How Organizations Can Protect Themselves
The FortiBleed campaign underscores the urgent need for organizations to take the security of their network perimeter devices seriously. Recommended protective measures include the following:
- Patch promptly and consistently. Apply all available Fortinet security updates as quickly as operationally feasible. Many FortiBleed victims were running outdated firmware containing known vulnerabilities.
- Audit device configurations regularly. Review FortiGate configuration files and running processes for unauthorized changes or unexpected software components.
- Restrict management interface access. Limit access to device management interfaces to trusted IP addresses and enforce multi-factor authentication wherever possible.
- Monitor for indicators of compromise. Use SOCRadar's published indicators of compromise and threat intelligence feeds to hunt for FortiBleed-related activity on your network.
- Conduct firmware integrity verification. Regularly verify that device firmware has not been tampered with, as some advanced attackers modify firmware to achieve persistence that survives standard remediation efforts.

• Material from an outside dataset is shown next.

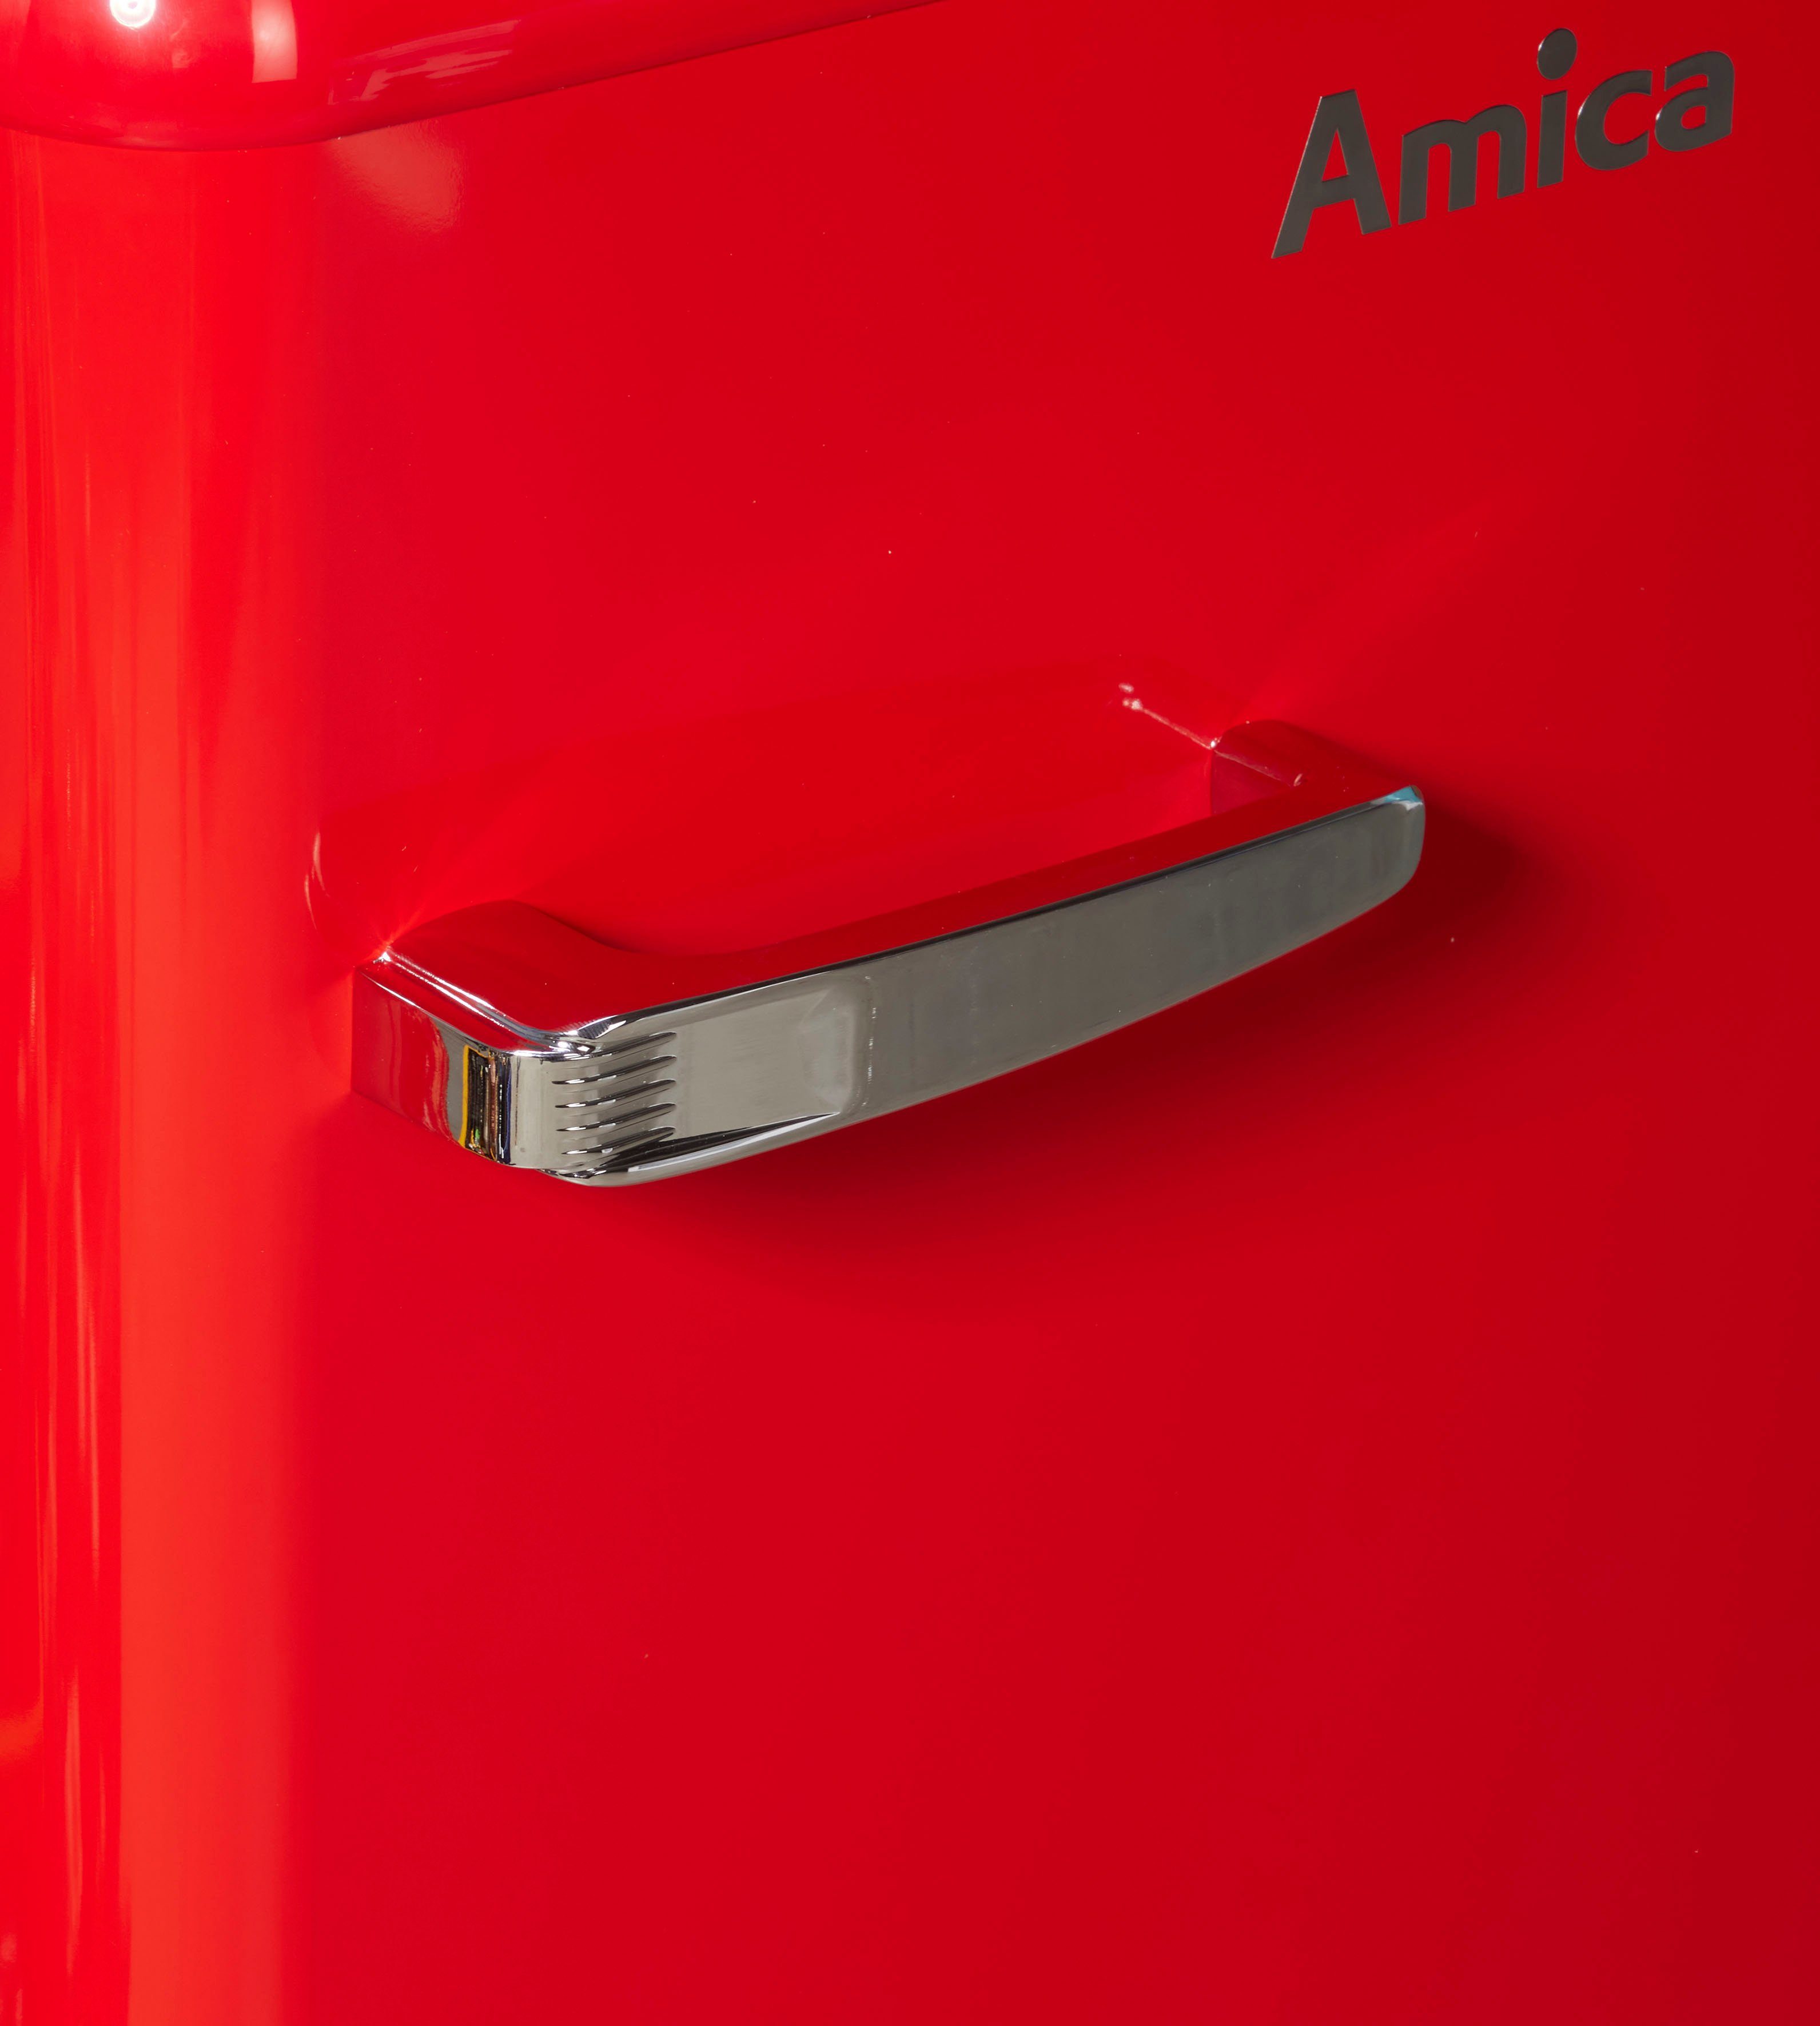 Amica Kühlschrank KSR hoch, R, rot 87,5 160 cm breit 361 cm 55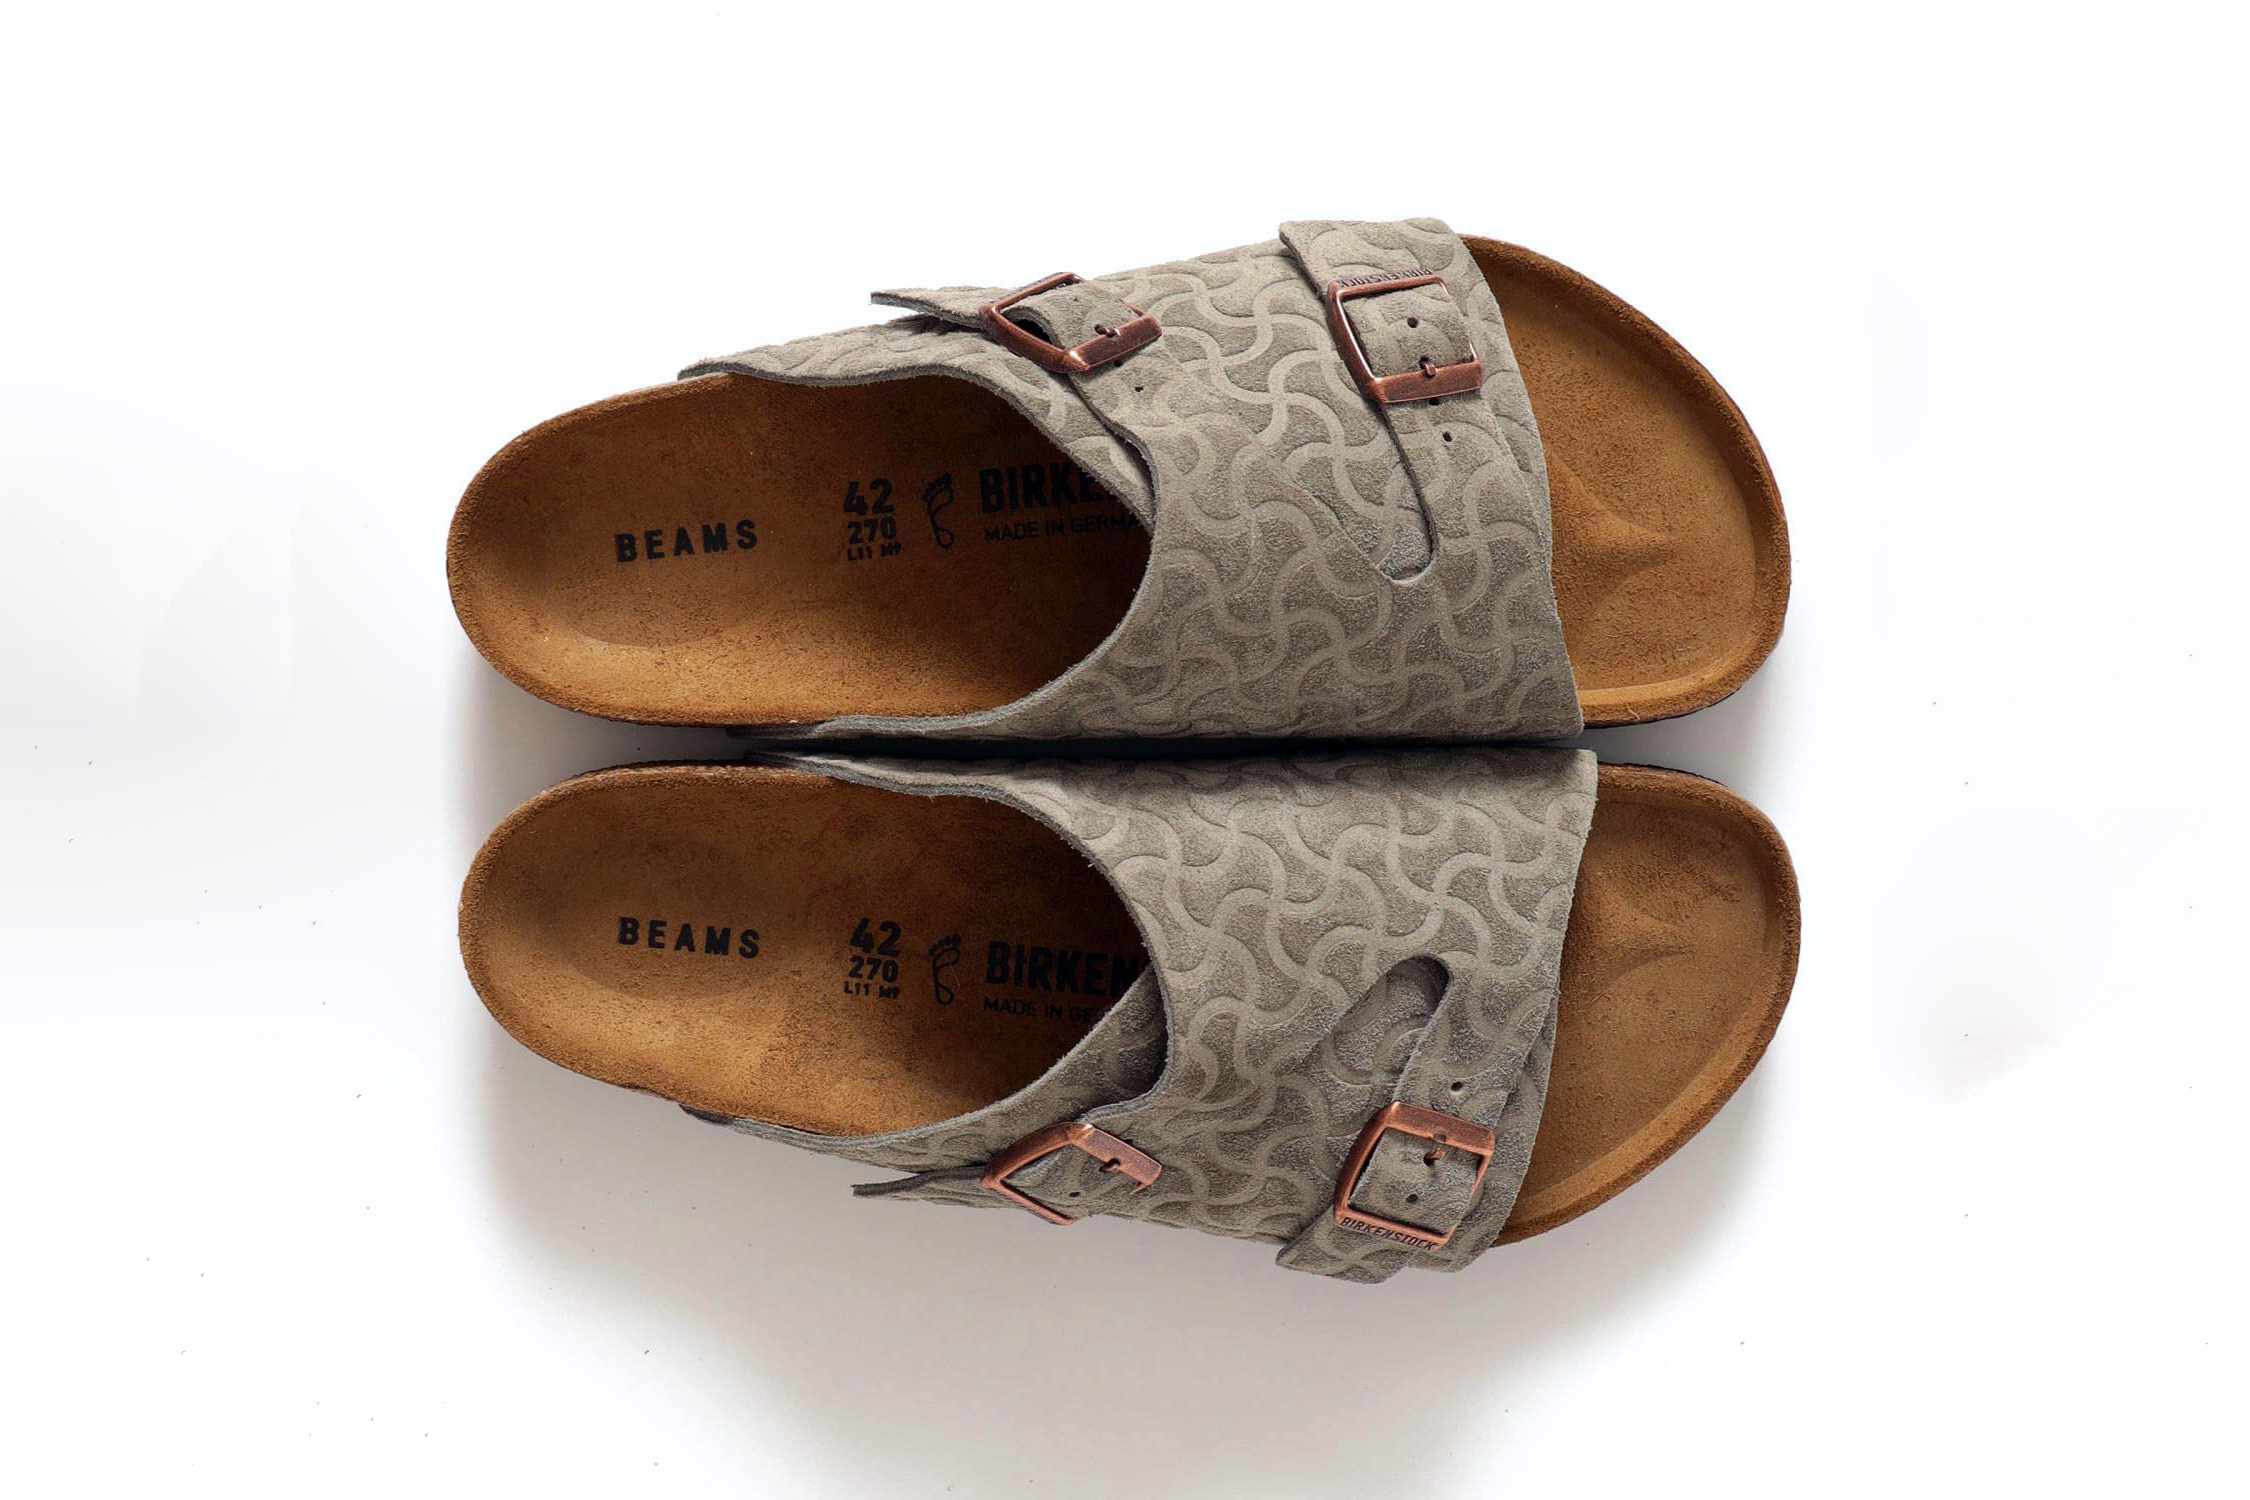 BEAMS' beige suede Birkenstock Zurich slide sandal with embossed swirling pattern and black sole

- Rotate credentials aggressively. If a compromise is suspected, immediately rotate all credentials that may have been exposed, including VPN accounts, administrative passwords, and service account tokens.
The Broader Implications for Network Security
The FortiBleed campaign is a stark reminder that network security appliances — the very devices organizations rely on to protect their perimeters — are themselves high-value targets that require rigorous security management. Too often, firewalls, VPN gateways, and similar devices are deployed and then left largely unmonitored, treated as fixed infrastructure rather than as attack surfaces that demand continuous attention.
As threat actors grow increasingly sophisticated in their targeting of perimeter devices, organizations must evolve their security programs to match. This means integrating network appliances into vulnerability management programs, extending endpoint detection and response philosophies to cover network hardware, and ensuring that threat intelligence pertaining to platforms like FortiGate is acted upon quickly when new campaigns are identified.
The FortiBleed campaign is not an isolated incident. It is part of a growing trend of persistent, intelligence-driven attacks against network infrastructure. Understanding how these attacks work — and responding with both urgency and rigor — is essential for any organization serious about protecting its most sensitive data and systems.